▶ _Problem statement_
In the material below, find the span from the line with "Dave Mustaine chez" to the line with "The Way of Jesus - Week 9 - Denise Hoffbrand" and transcribe only those lines, exactly, ends included, without the pictures.

#### Task input

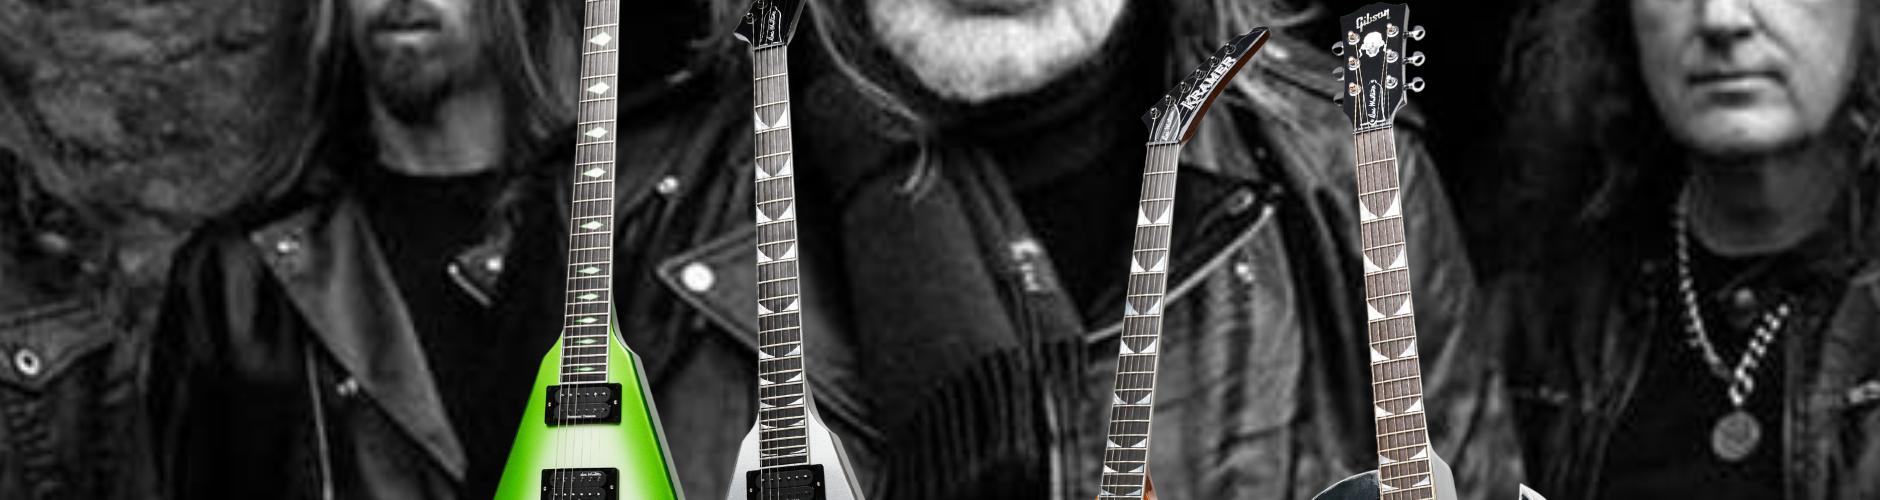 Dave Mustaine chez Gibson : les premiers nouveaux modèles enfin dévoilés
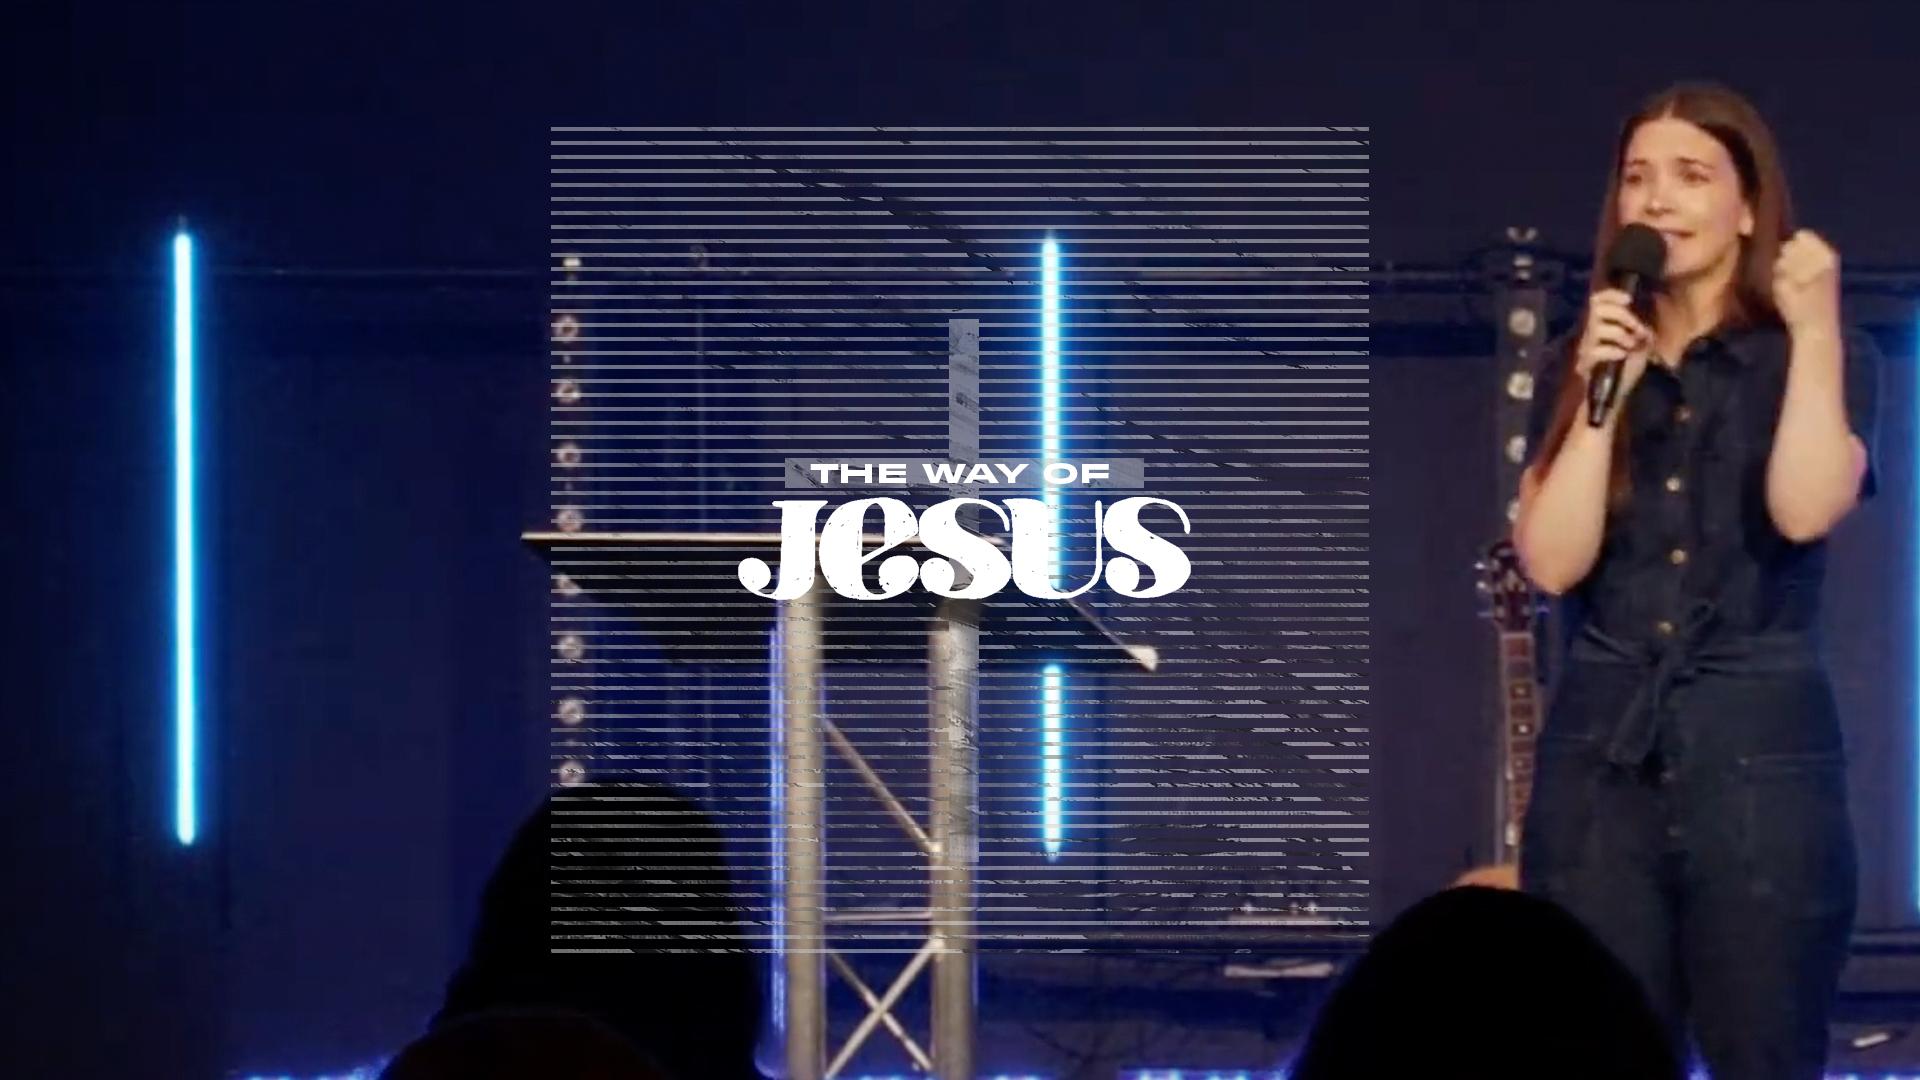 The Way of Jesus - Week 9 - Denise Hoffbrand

########
#### Task input

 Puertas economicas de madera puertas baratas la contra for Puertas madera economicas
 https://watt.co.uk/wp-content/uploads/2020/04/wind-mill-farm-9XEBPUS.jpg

########

▶ _Output of the exercise_
 Dave Mustaine chez Gibson : les premiers nouveaux modèles enfin dévoilés
 The Way of Jesus - Week 9 - Denise Hoffbrand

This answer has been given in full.